Average compensation per hour worked again increased faster than productivity, growing 1.0% in the first quarter, echoing the results of the previous two quarters.

The value of the Canadian dollar in relation to the US dollar rose at roughly the same pace in the first quarter compared with the previous quarter (+2.7%). That was reflected in a 3.3% increase in the unit labour costs of Canadian businesses in American dollars, the same growth rate as in the previous quarter.

By comparison, American business unit labour costs grew by 0.4% in the first quarter, after falling 0.7% in the fourth quarter.

A historical revision (see note) was performed on the labour variables that contribute to the productivity measures released today. The combined result of those revisions was an average 0.1 percentage point increase in the annual growth rate of business labour productivity between 1981 and 2010.

StatCan Notes

The term ‘productivity’ used by StatCan refers to labour productivity. For the purposes of this analysis, labour productivity and related variables cover the business sector only. Labour productivity is a measure of real gross domestic product (GDP) per hour worked. Unit labour cost is defined as the cost of workers’ wages and benefits per unit of real GDP.

All the growth rates reported in this release are rounded to one decimal place. They are calculated with index numbers rounded to three decimal places, which are now available on CANSIM.
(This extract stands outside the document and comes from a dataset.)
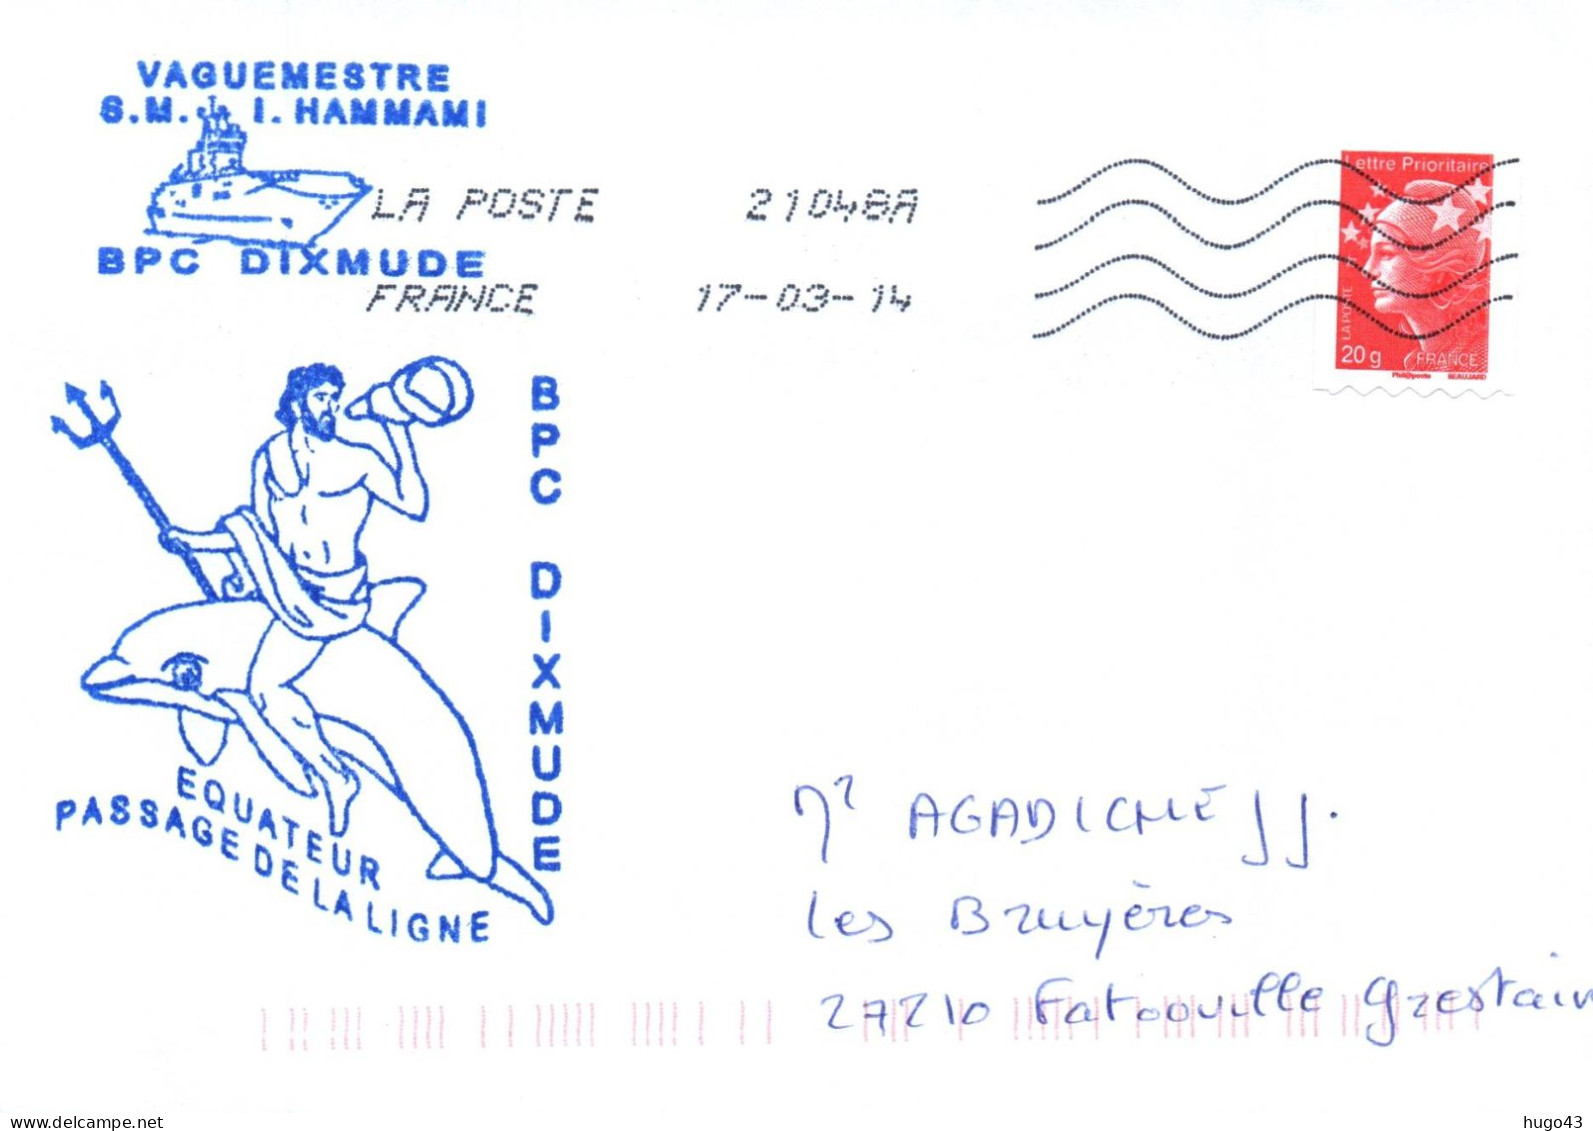 ENVELOPPE AVEC CACHET B.P.C. DIXMUDE - EQUATEUR - PASSAGE DE LA LIGNE - LE 17/03/14 - Seepost

This release incorporates several revisions of the source data: the annual three-year revision of the National Income and Expenditure Accounts released on May 30, and revisions of the Labour Force Survey estimates released on January 28, 2011, and January 29, 2010. These resulted in revisions of the quarterly series for labour productivity and related variables from the first quarter of 1981 at the aggregate level.

In addition, the seasonally adjusted estimates of hours worked and employment were revised using the X-12-ARIMA seasonal adjustment method. All aggregate-level variables also incorporate a new benchmarking and reconciliation method developed by Statistics Canada’s methodology units.

The annual three year revisions of national accounts’ data to gross domestic product (GDP) by industry will not be published until the end of September 2011 (the usual revision release date for GDP by industry) and therefore will not be incorporated in the productivity data until the release of the third quarter data in December 2011. The labour variables by industry will be revised back at the same time.

The CANSIM tables associated with all the quarterly data on productivity and related variables now contain index numbers rounded to three decimal places to harmonize the level of precision with that of annual productivity data.